### [ABOUT THIS EXERCISE]
This exercise calls for retyping every line below exactly, with the images omitted.

### [COLLECTED DATA]
● ● ● ●
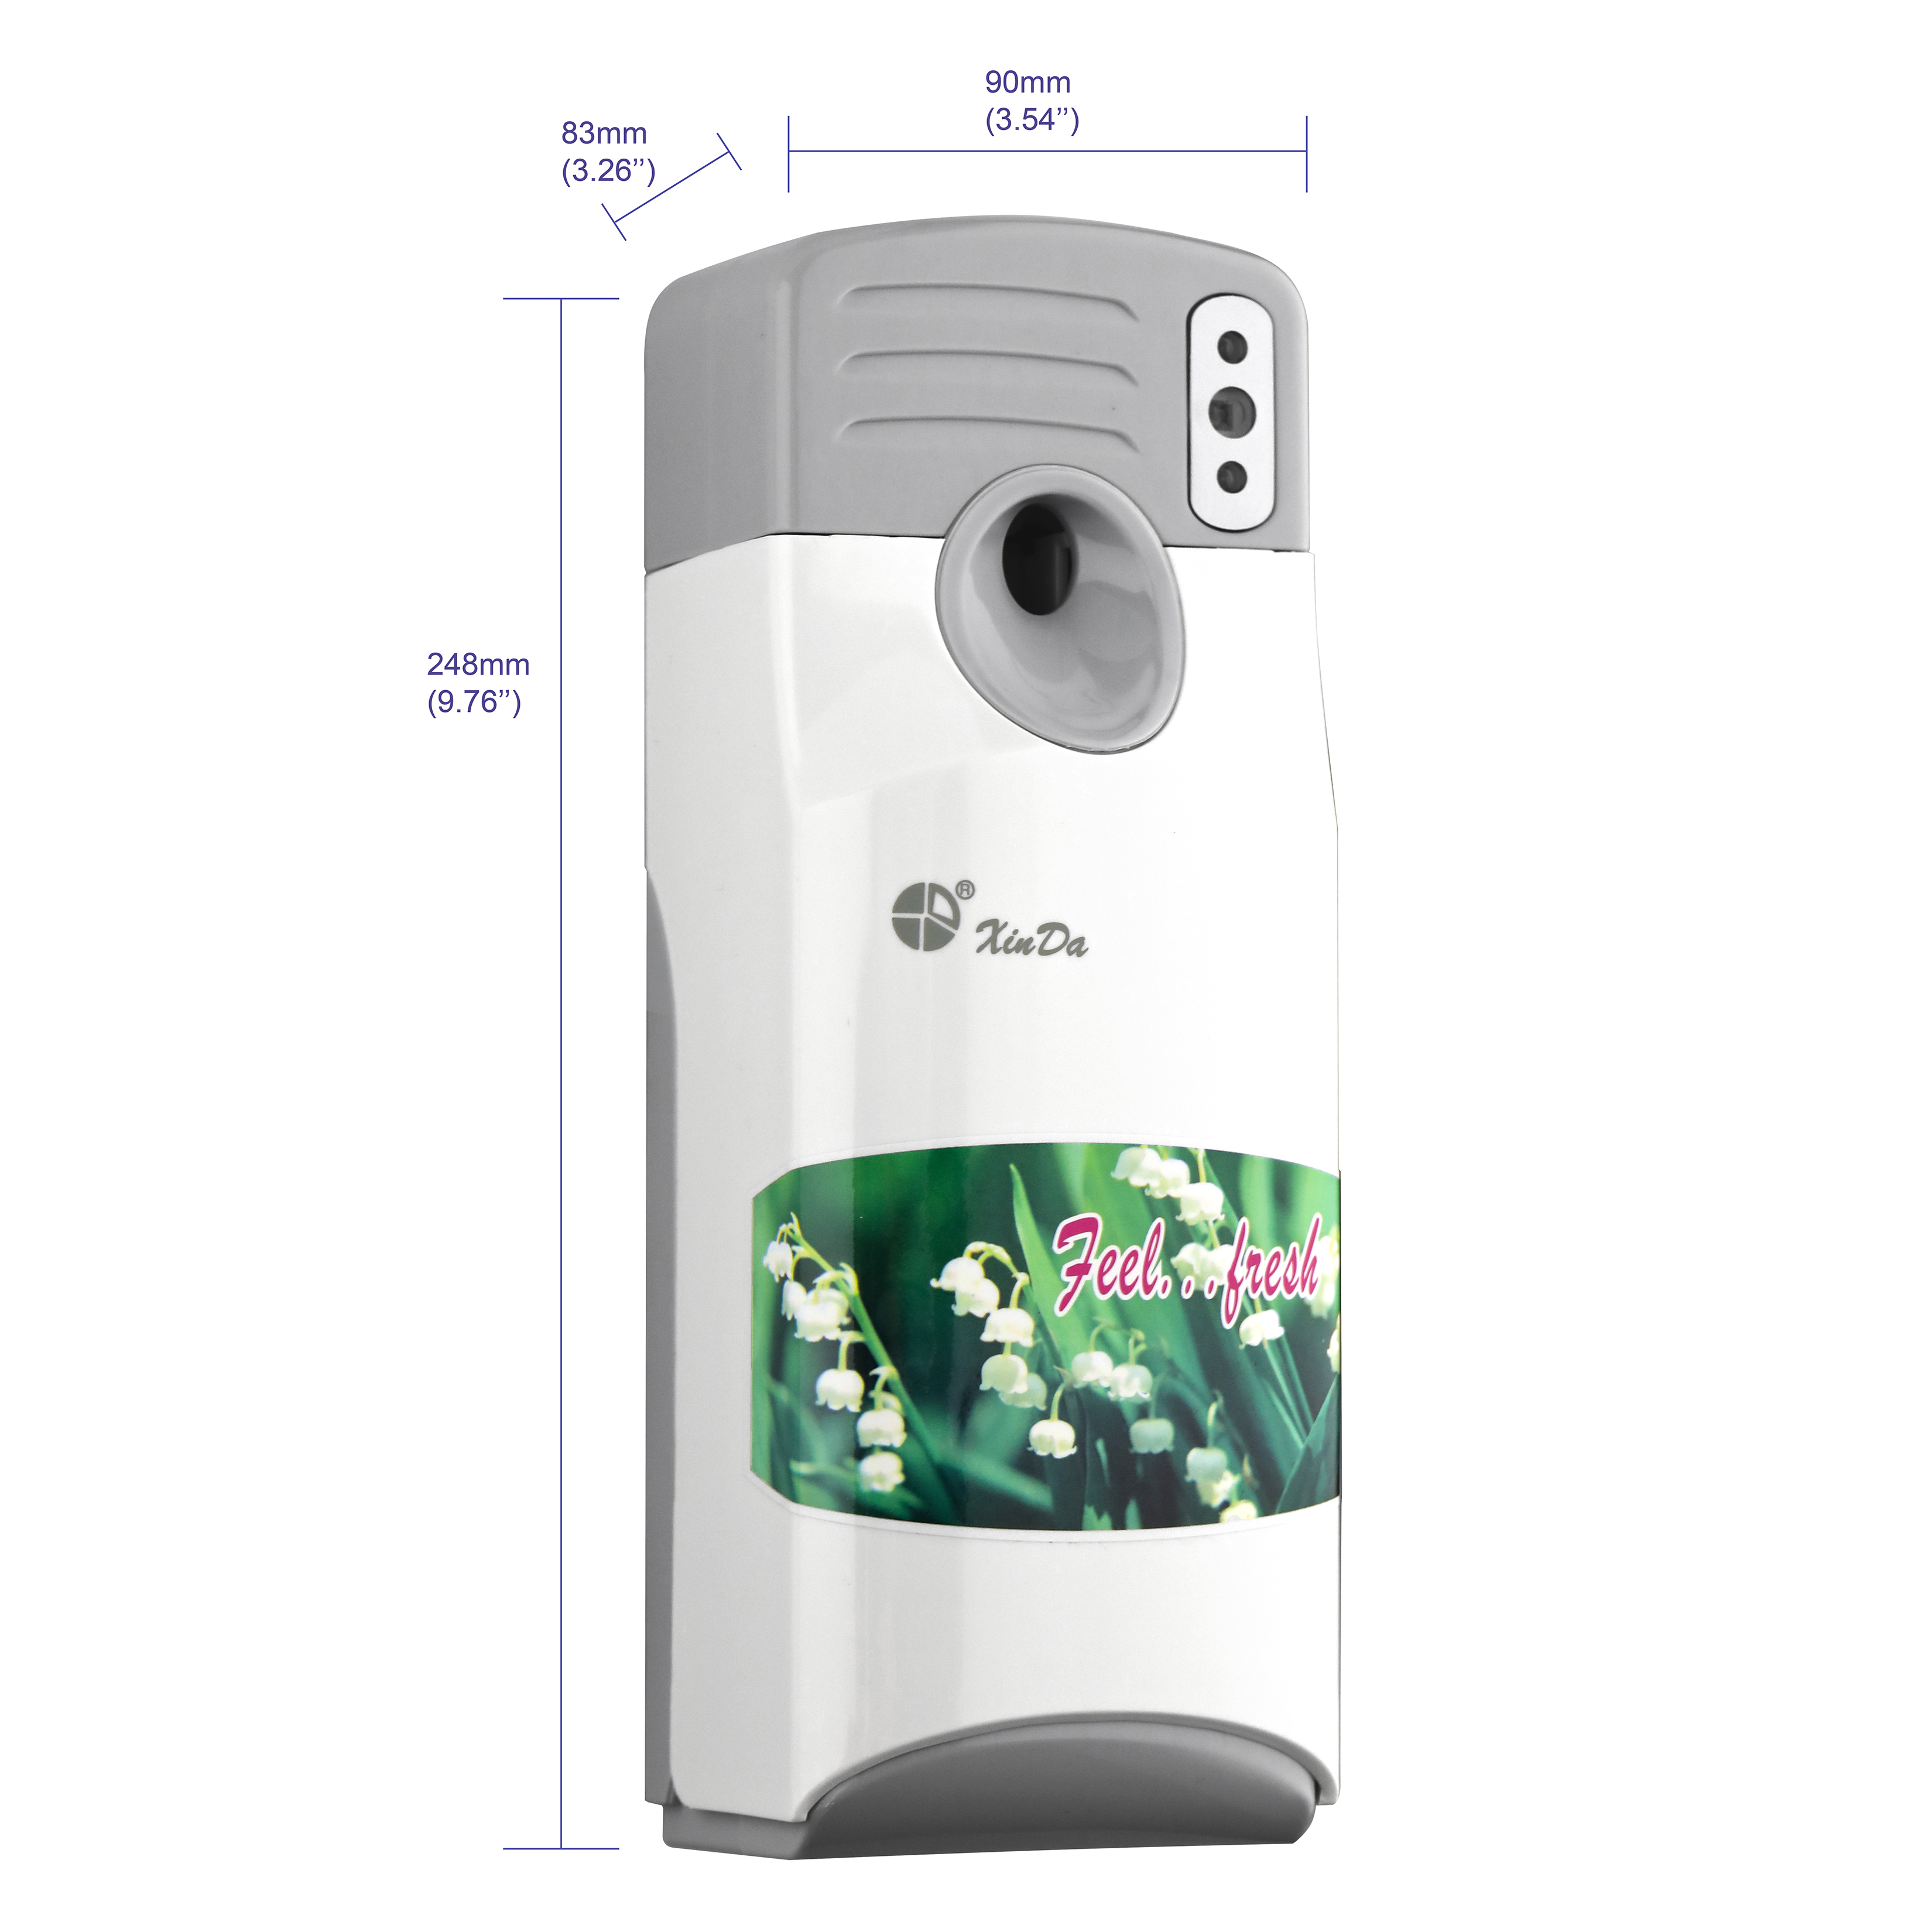 XINDA PXQ288A Remote Auto Perfume Dispenser
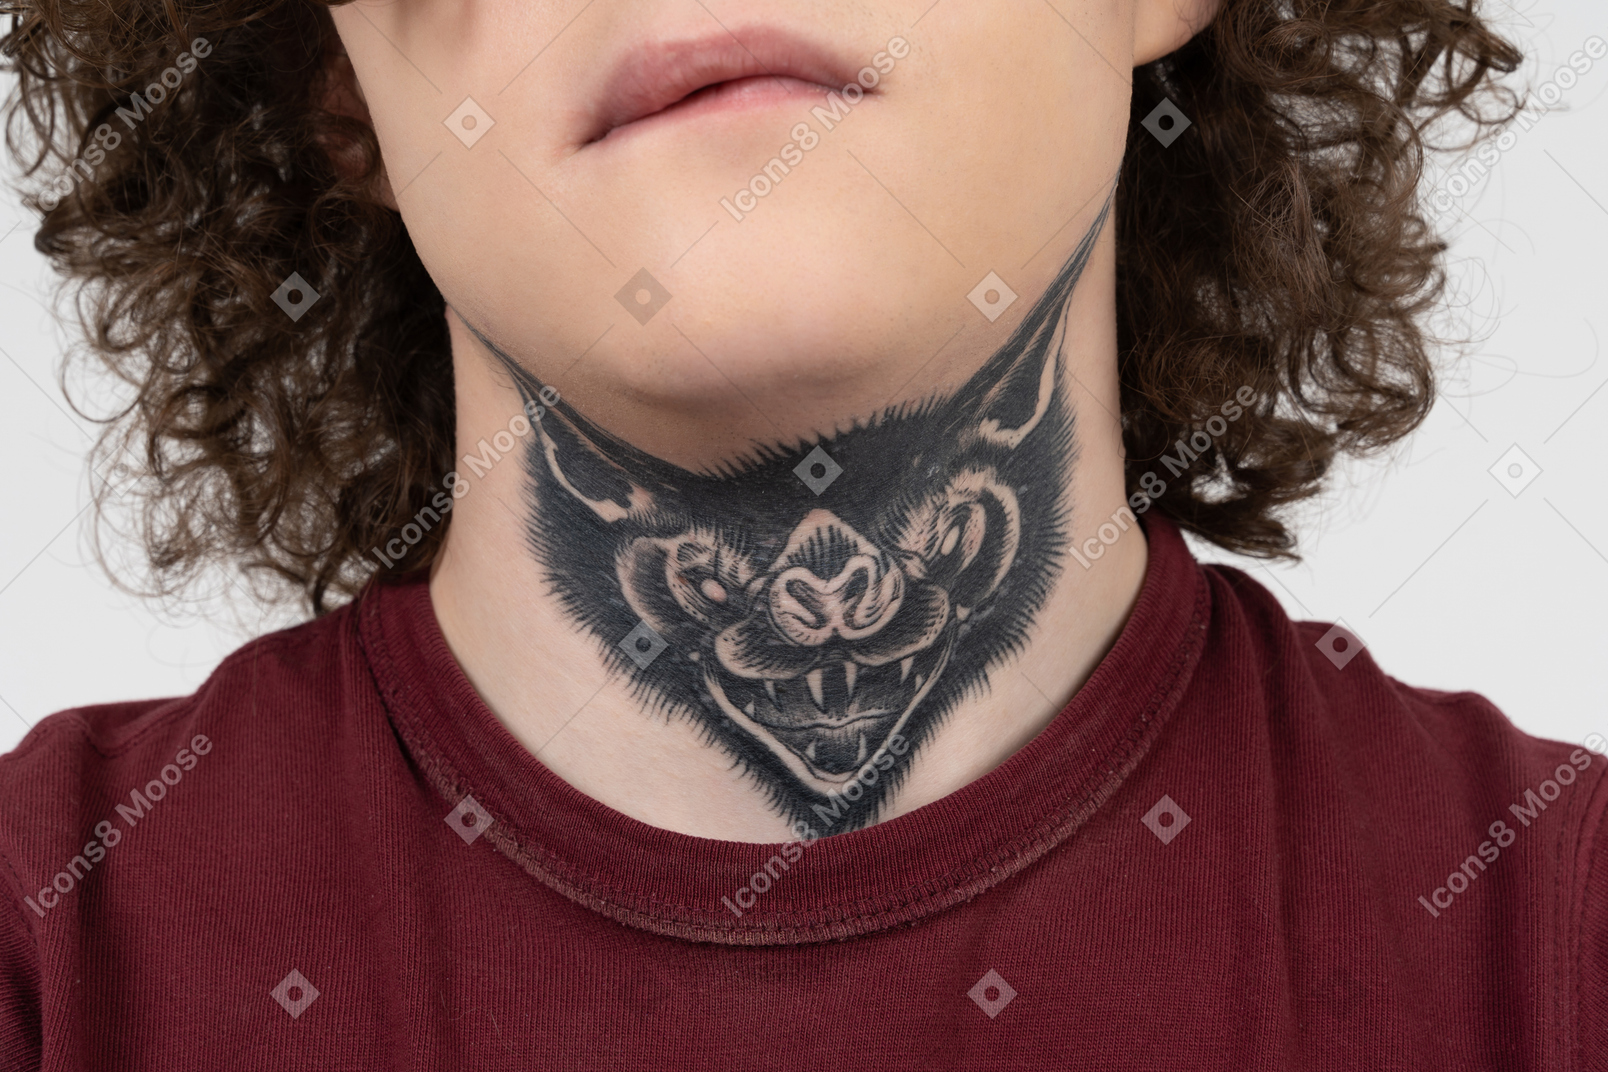 Adolescente morena con tatuaje de un depredador en el cuello
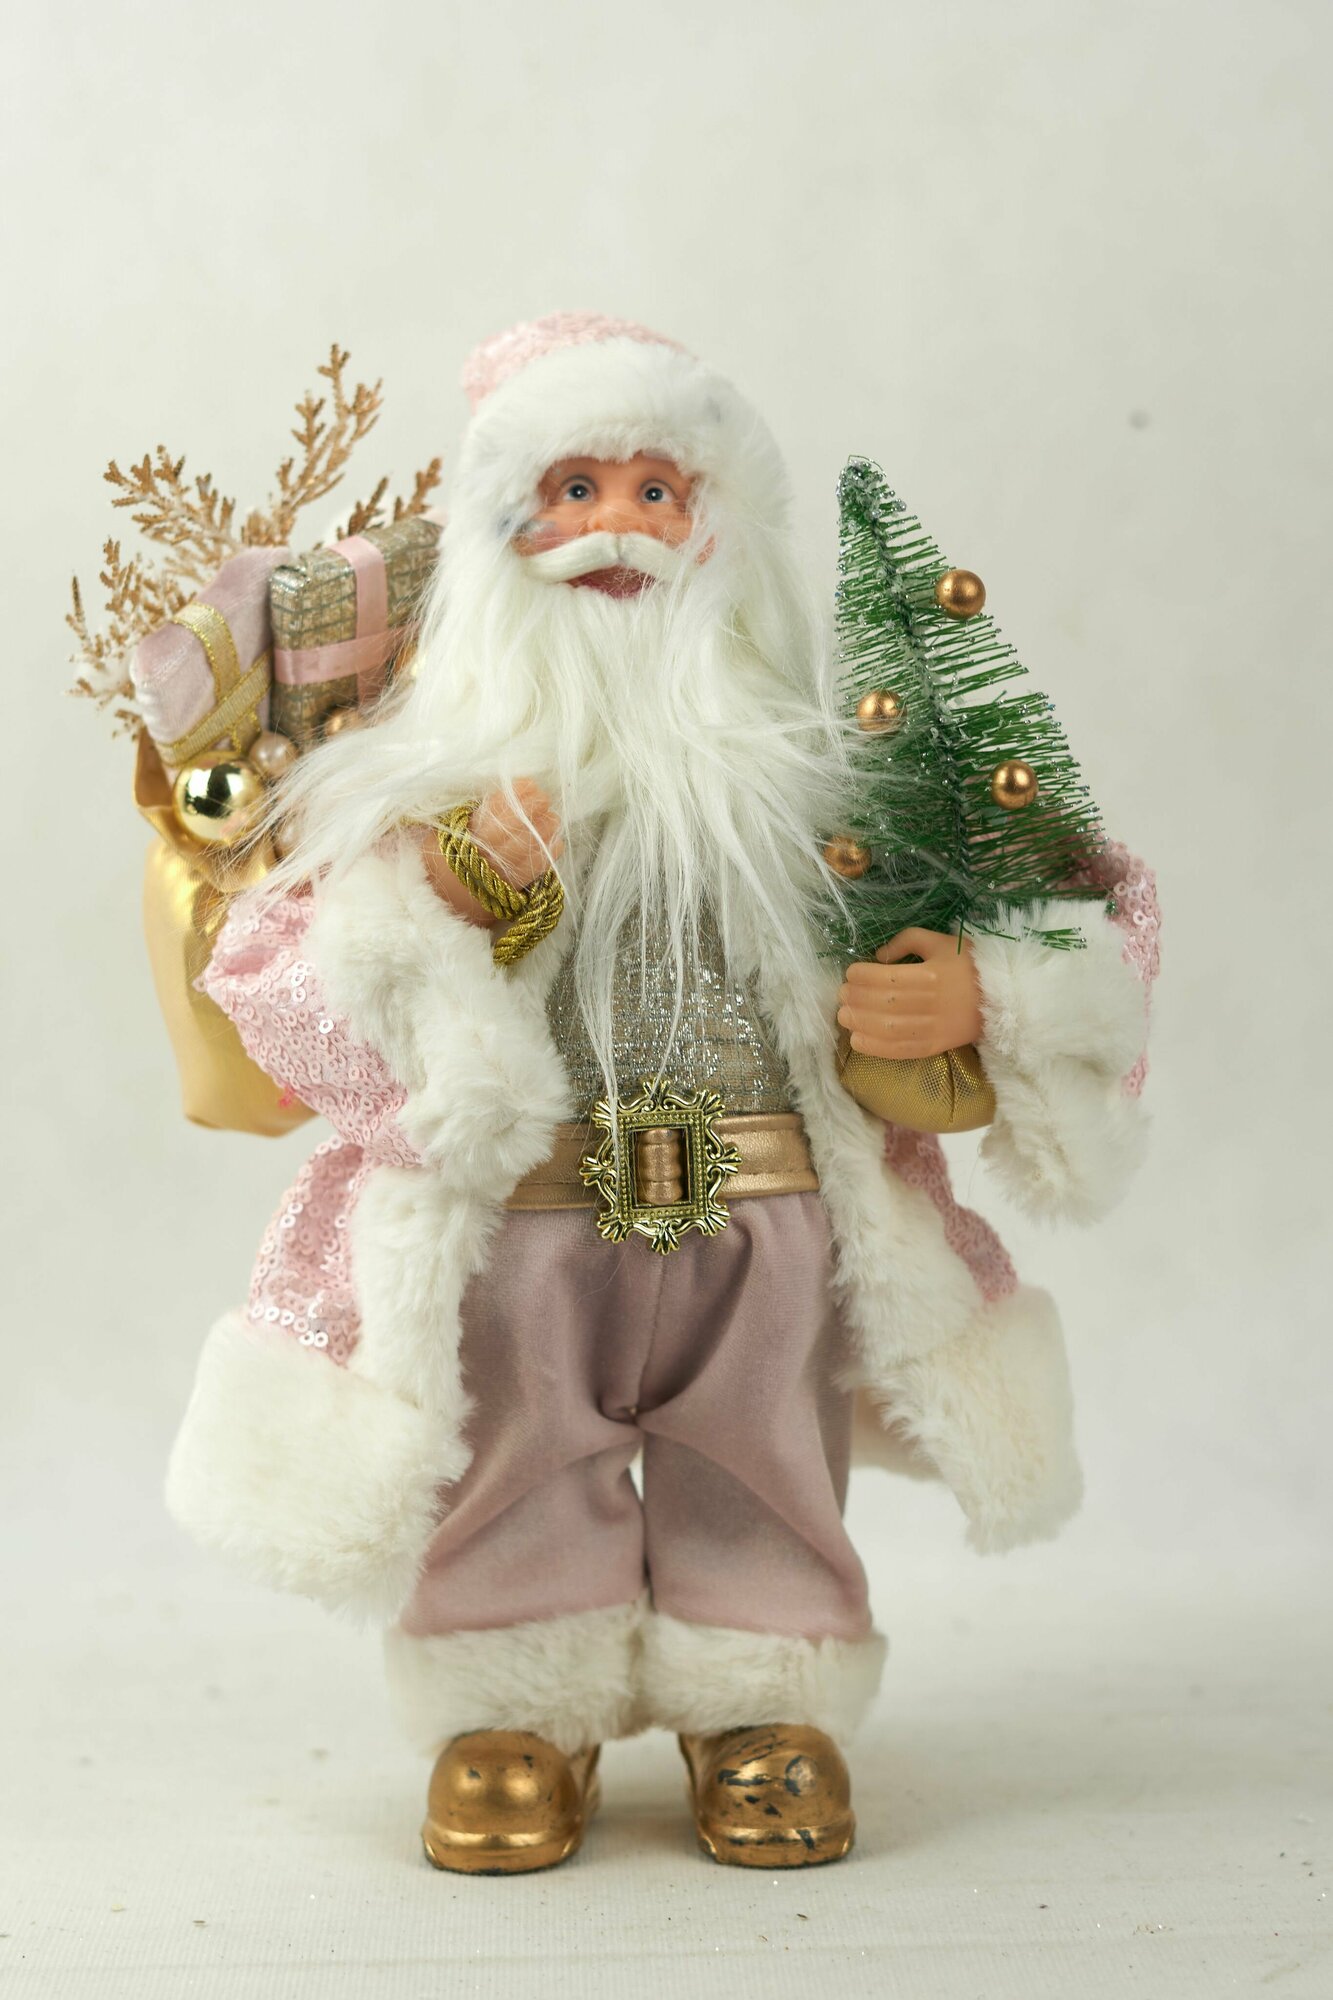 Фигурка декоративная Дед Мороз Зимний чародей цвет. розовый 30 см,
● ● ● ●
### [FINISHED TASK]
 XINDA PXQ288A Remote Auto Perfume Dispenser
 Adolescente morena con tatuaje de un depredador en el cuello
 Фигурка декоративная Дед Мороз Зимний чародей цвет. розовый 30 см,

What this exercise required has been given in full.